One example is where an automated digital assistant is performing customer inquiry and resolution. This typically requires access to systems to resolve the customer issue. In most organizations, employees that access sensitive customer data must undergo information security training. "Of course, an automated digital assistant isn't going to attend a physical training course, so how do we make exceptions yet still ensure the automated digital assistant is going to abide by security policy?" Huff asked. One way is rethinking policy to govern the design of automated digital assistants instead of the actual operations.

New oversight required

Bots present an interesting challenge because the work that is possible is assumed to be error-free. "Few tools exist today to govern what bots do in the workplace," FortressIQ's Chowdhry said. For instance, a bot that is responding to an inquiry could wrongly answer several hundred questions to a customer without any oversight. Additionally, since bots are expected to work 24/7, when they break or stop due to an unforeseen reason, there's usually no human available to pick up the work, thus resulting in loss of overall productivity. This problem will become more serious as bots continue to rapidly grow in the enterprise.
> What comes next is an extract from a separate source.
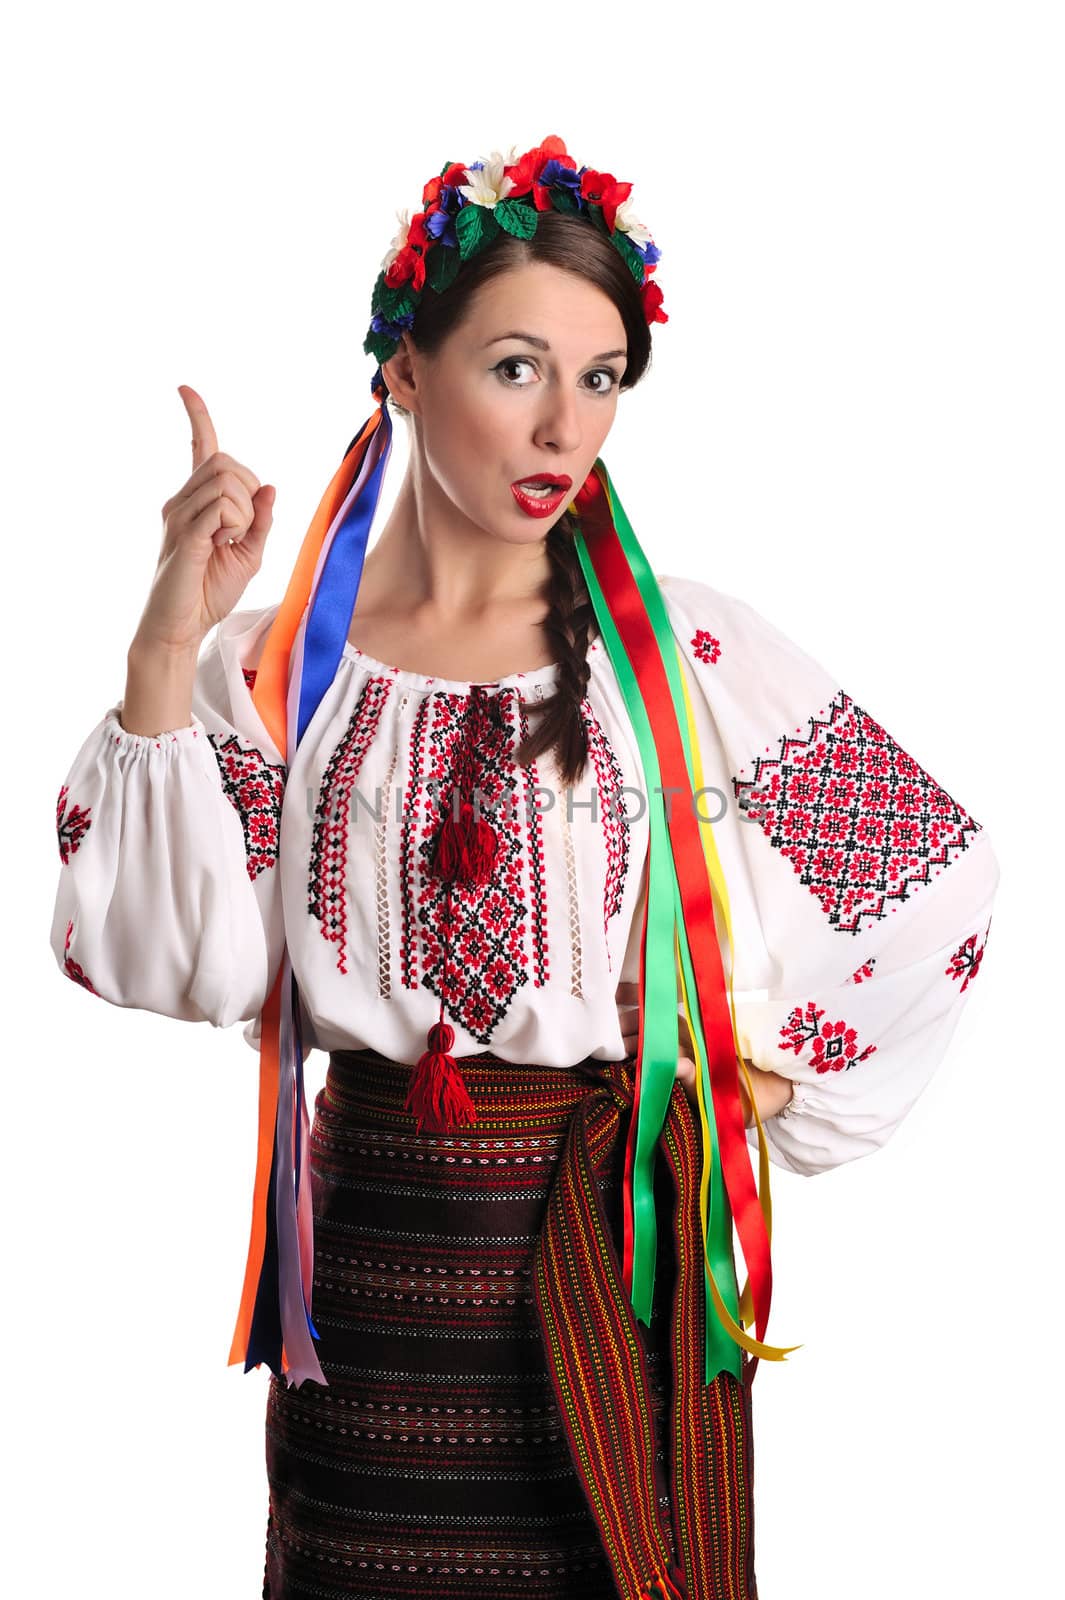 Ukrainian woman in national costume by kirs-ua

Keeping reinvention on track

Personalizing automation promises to deliver the fastest ROI by simply automating tasks. However, CIOs that focus on these quick wins risk losing focus on the bigger gains possible by reinventing processes, said Miguel Valdés-Faura, CEO and co-founder of Bonitasoft, a business process management tools provider. Task automation does not solve other automation challenges such as coordination of work at a higher level. "A digital transformation initiative cannot succeed without a good reinvention of existing processes and a smooth collaboration between multiple humans and systems," Valdés-Faura said.

He believes personalizing automation needs to be considered at both user/team and organizational levels. Simply layering personalized automation on existing processes without reinventing them will fail in the context of a digital transformation initiative.
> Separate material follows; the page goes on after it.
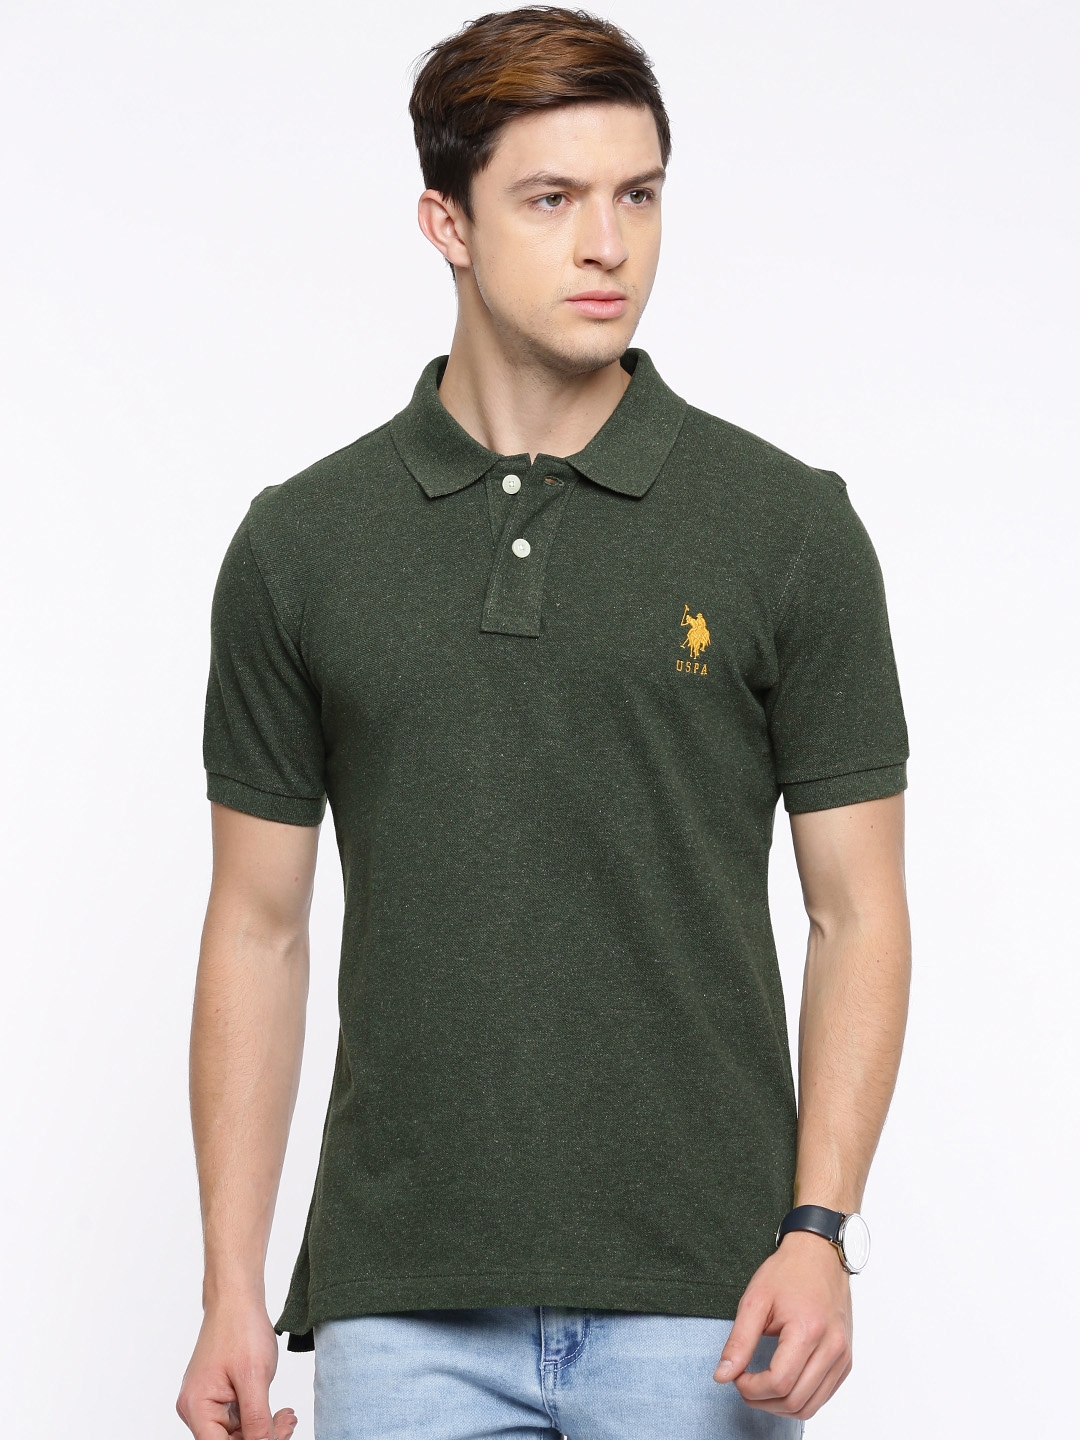 olive green polo shirt

In the long run, empathy and change management will be required to inspire the humans affected by these more personalized bots and reinvented processes. "Automation changes how humans work," Valdés-Faura said. "If it's done well, people will feel empowered. If it's done poorly, they will feel they are left aside."

Automation Anywhere's Kohli said, "IT leaders should communicate these initiatives to employees transparently and debunk the common fear of RPA taking away their jobs, while also not overselling employees on RPA's capabilities with AI washing." CIOs should also offer proof, concrete numbers and records demonstrating how organizations can use AI and personalized automation, including what data sets are used to maintain trust and buy-in of their employees.

Kohli believes that successful robot workforce initiatives will allow people to be more human. "Automation is taking mundane tasks out of human work and helping people hone their real expertise, which is identifying problems and focusing on how to solve them, as well as collaborating with other people," he said.